Summary
Eutrophication is a global environmental problem that leaves many lakes with impaired ecological status. Human activity has increased the total concentrations of both nitrogen and phosphorus in aquatic systems, but their relative influence on phytoplankton biomass is uncertain. Their action as alternative limiting resources complicates assessment of their relative influence and disagreement may be in part due to seasonal shifts and lake‐type‐specific differences in the prevalence of limitation by nitrogen versus phosphorus. Debate continues as to whether measures to reduce nitrogen would be beneficial in addition to controls placed on phosphorus.

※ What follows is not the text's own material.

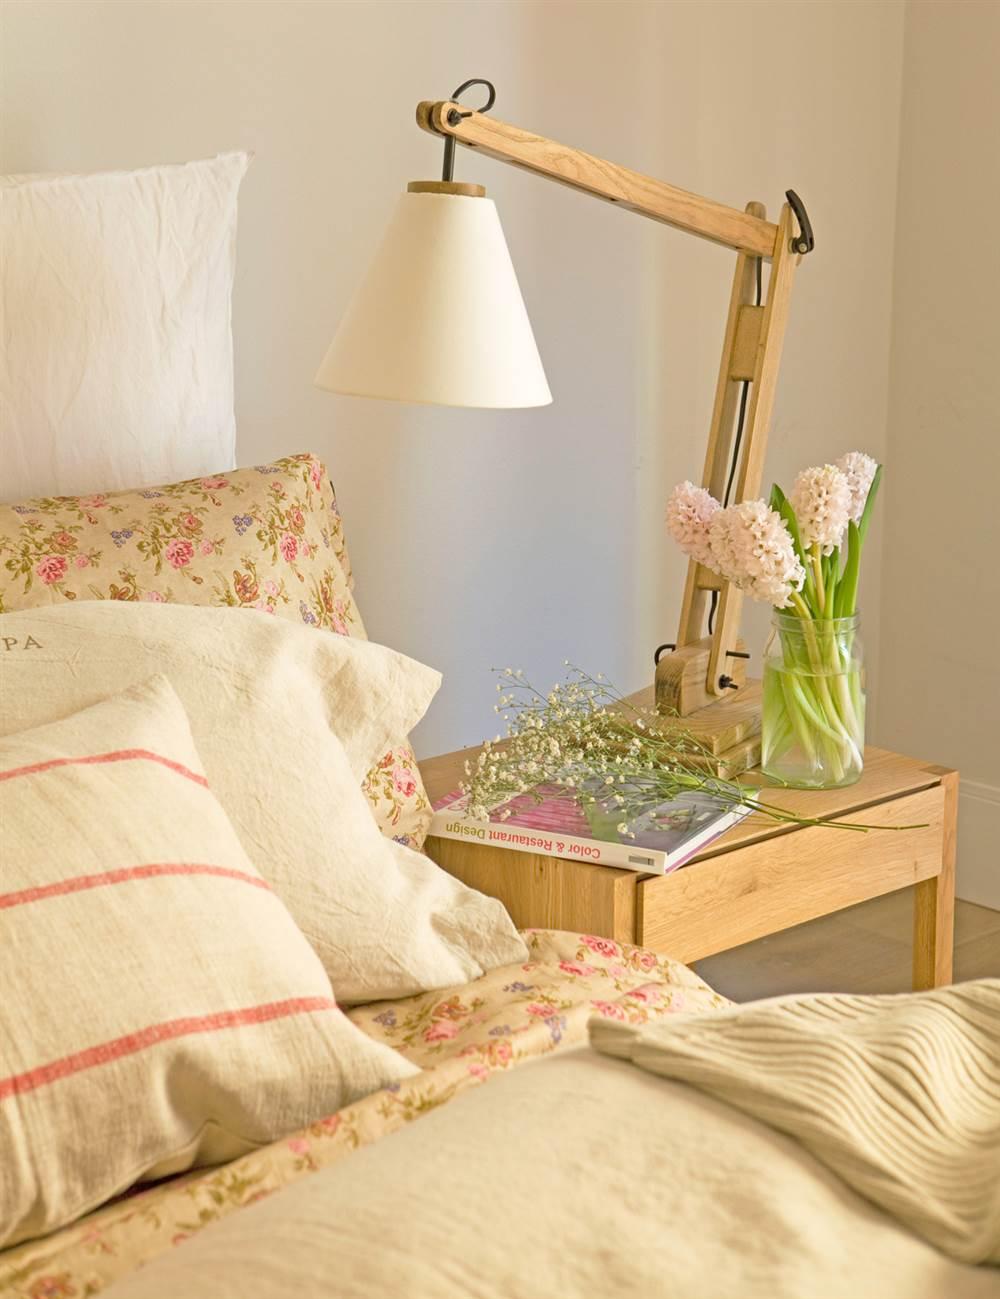 Lamparas para leer en la cama gallery of aplique de pared - Lamparas lectura cama ...

We used a piecewise model to test whether total nitrogen (TN) concentrations, in addition to total phosphorus (TP), influence phytoplankton biomass in 369 lowland German lakes. The piecewise model predicts biomass from TN for low N : P ratio lakes, and from TP for high N : P ratio lakes. We tested three N : P mass ratios to divide lakes: dissolved inorganic nitrogen to TP (DIN : TP), DIN to dissolved reactive phosphorus (DIN : DIP) and TN : TP. TN was a better predictor of biomass than TP when either the DIN : TP ratio was below 1.6, DIN : DIP was below 8.4, or TN : TP below 29; predictions were most accurate when using the DIN : TP ratio.
To investigate seasonal and lake‐type‐specific patterns of N and P limitation, we used the DIN : TP ratio, together with absolute concentrations of DIN and DIP, to predict the limiting nutrient at each lake in each month of the vegetation period. N limitation was much more common in polymictic than stratified lakes. While a high proportion of both stratified and polymictic lakes were P limited in early spring (60–70%), for polymictic lakes, we found a strong shift from P limitation to N limitation in summer: more than 50% of polymictic lakes were N limited between June and September and only 15–30% were P limited.

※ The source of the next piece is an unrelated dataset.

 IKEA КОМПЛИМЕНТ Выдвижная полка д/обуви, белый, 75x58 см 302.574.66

To obtain lake‐type‐specific nutrient targets we estimated the average TN and TP concentrations at which lakes of different types achieved good ecological status according to EU water framework directive criteria. Stratified lakes achieved good ecological status at concentrations of 400–500 μg L−1 TN or 20–35 μg L−1 TP, while for polymictic lakes values of 500–1000 μg L−1 TN, or 35–75 μg L−1 TP were required.
We estimate that nitrogen has an important influence on phytoplankton biovolume, and thus ecological status, for many polymictic lakes in Germany. While there is some uncertainty in the nutrient targets required to achieve good ecological status, this uncertainty is small compared with the range of concentrations currently observed, and lakes with moderate or worse status have concentrations of both TN and TP that are far above these current target estimates.